To cut to the chase and spoil the ending: that’s not what happened, and I don’t think it’s my fault. The game is goddamn boring, and it always has been, and it always will be, forever and ever, amen. Twenty hours in, I find myself rushing through the towns and the story to get back to battling because I’m bored, and then rushing through battles to get back to the towns and the story because I’m bored, and neither mode is any fun, and it’s become clear that I’ve voluntarily dropped myself into a vortex, a flushing toilet bowl with nothing at the bottom but sadness. What’s more, I’ve devised a foolproof test that will assist in dodging bad gaming decisions in the future: if a game includes a fast-forward button that literally doubles or quadruples the game’s speed so that you can get through it faster - guess what? That game is boring. And the developer knows it.
Final Fantasy XII features one such fast-forward button, and it’s the only reason I’ve made it as far into the game as I have. Without that button, the cyclical monotony of showing up at the armor store over and over again with too few pieces of monster trash to exchange for the fancy duds my party deserves would have been too crushing. With that button, though, Vaan and friends can sprint recklessly across the plains in full-turbo, dispatching baddies as fast as they can respawn, snatching up loot and experience points while I lean back in my chair, frowning mightily at the whole spectacle. All they need from me is the occasional tilt of the joystick to point them towards unvanquished foes. They’re in autopilot, see, because I set up all their “gambits” - the if/then rules that govern their behavior - beforehand. To be fair, outside of the grindfest, it’s not uncommon to stumble upon a boss or a mark that requires those gambits be tweaked, and that’s where good, old-fashioned player input, the kind our grandmothers used to make, becomes necessary, but there’s a problem with that input, and it’s a recurring theme in Final Fantasy XII: it’s boring. It’s an interesting system, sure, and someone invested a hell of a lot of thought in developing it, but in practice it’s a total drag. Look past the noise and distraction and it’s clear that the most interactive, customizable part of the game is a dressed-up Microsoft Excel spreadsheet. I bet it could manage the server system of a Fortune 500 company like gangbusters, but no amount of lipstick on this pig helps it transcend chore-level drudgery when featured in a video game.
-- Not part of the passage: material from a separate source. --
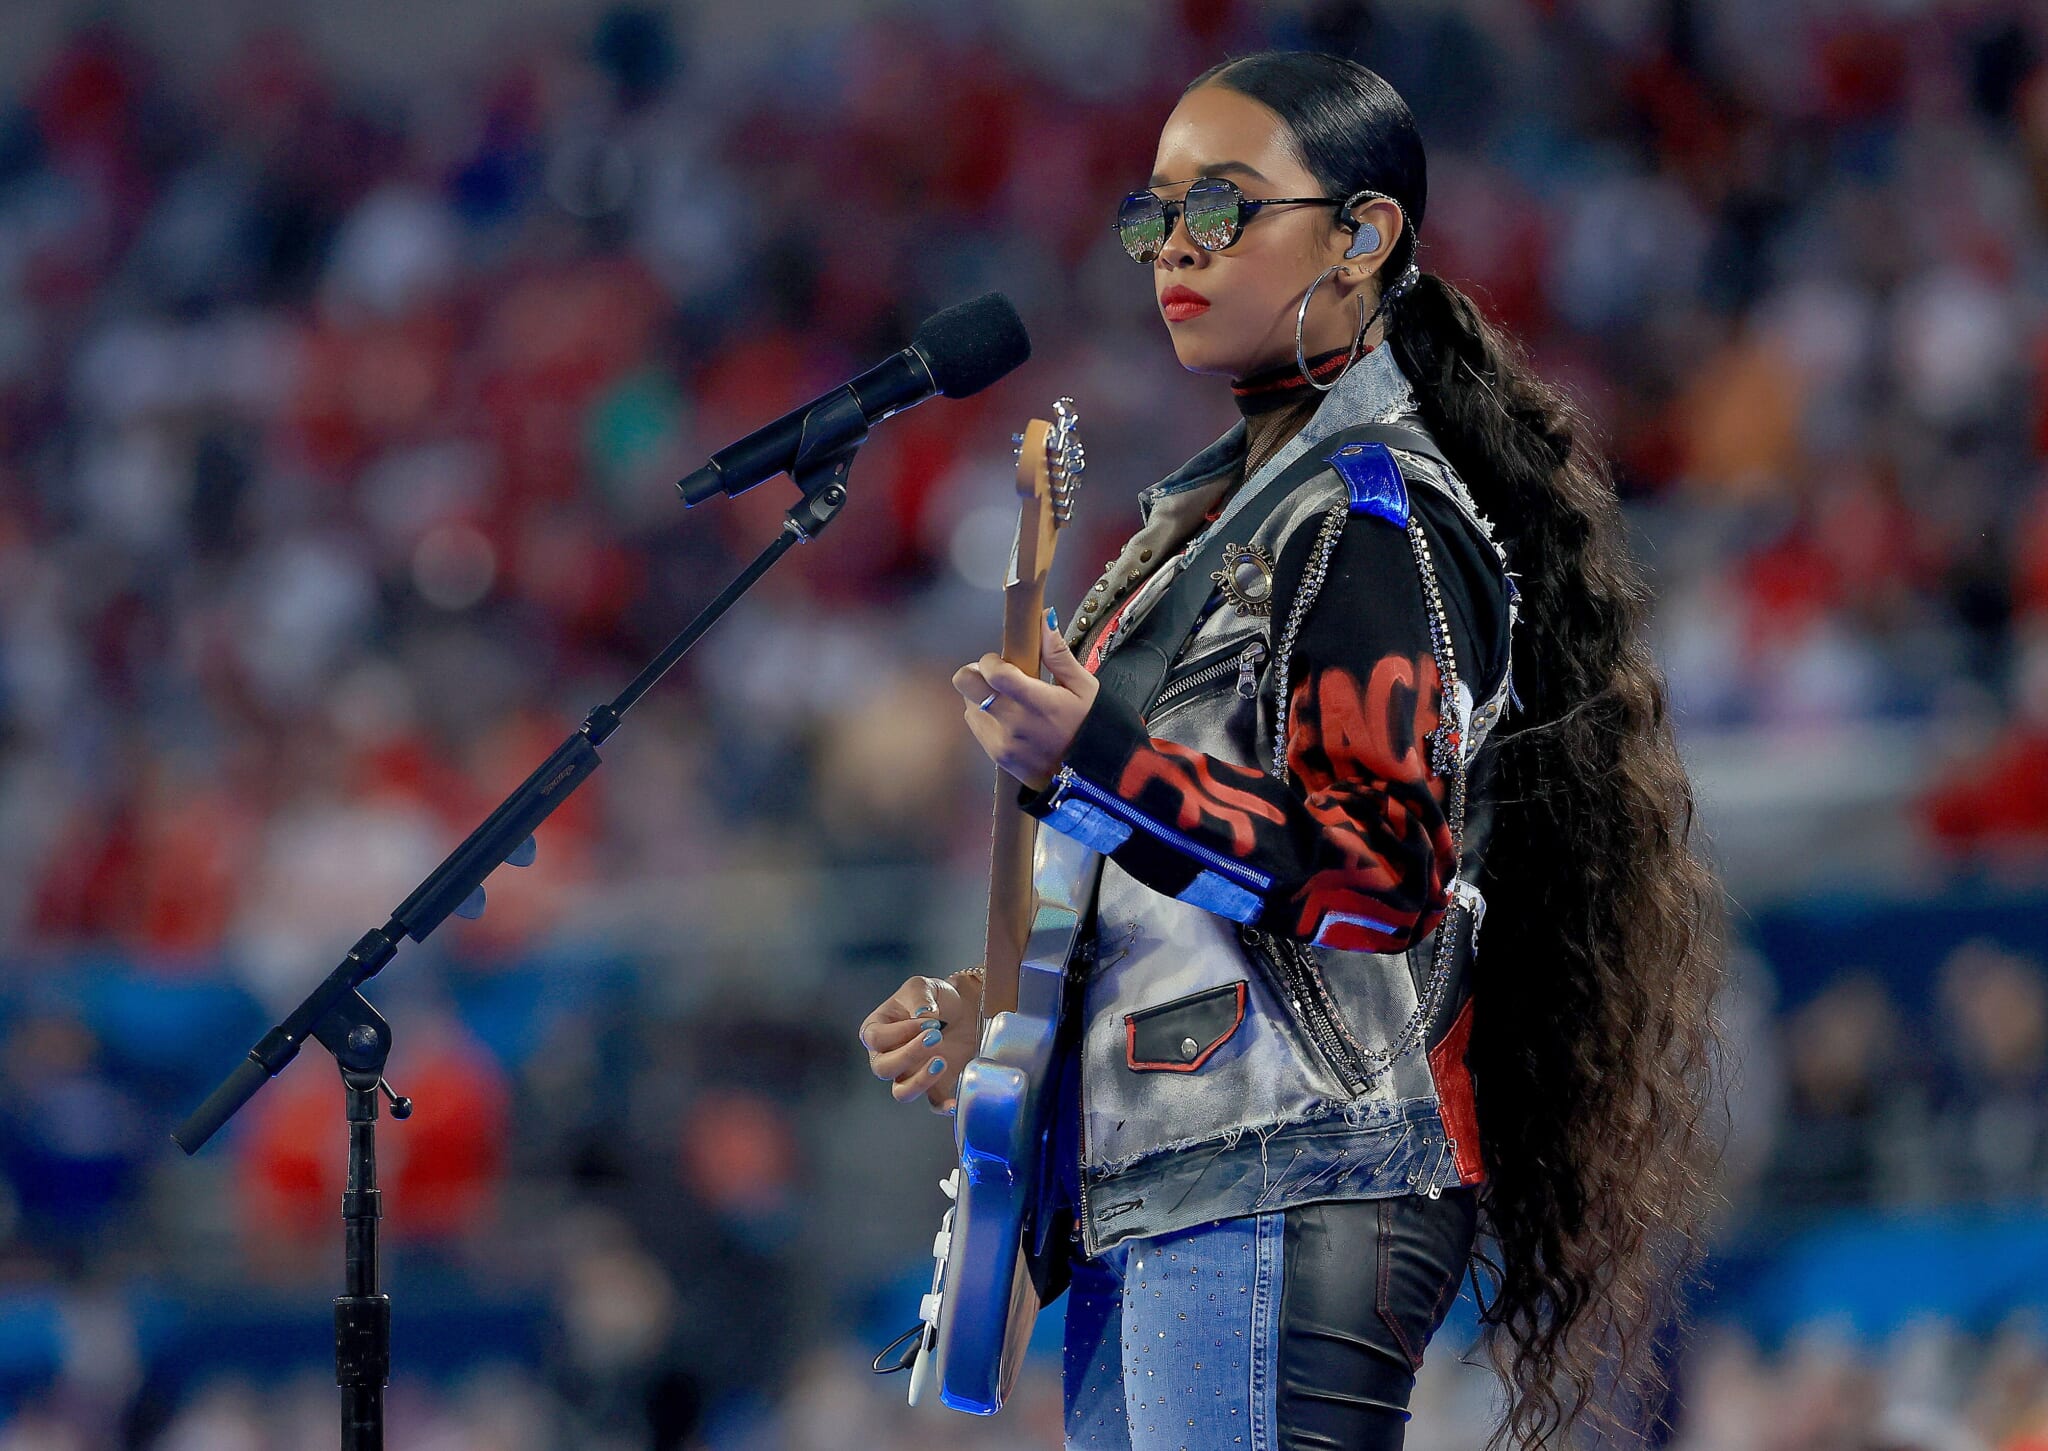 H.E.R. to perform at Global Citizens’ Vax Live: The Concert to Reunite the World

So here’s my point: developers need to be discriminating in their selection of remake/remaster candidates if they want their finished product to come across as more than a cynical cash grab. Sure, Final Fantasy XII got a handsome new coat of paint and some features that were previously unique to Japan, but maybe it should have been left alone as a curious relic of a unique, transitional time in gaming’s evolution. It has its legion of stout defenders, and bully for them, but my hot take is that the game a snooze-fest that encourages you to fast-forward through it like a bad commercial. The problem - and it’s a fatal one - is that there’s no good stuff to get to.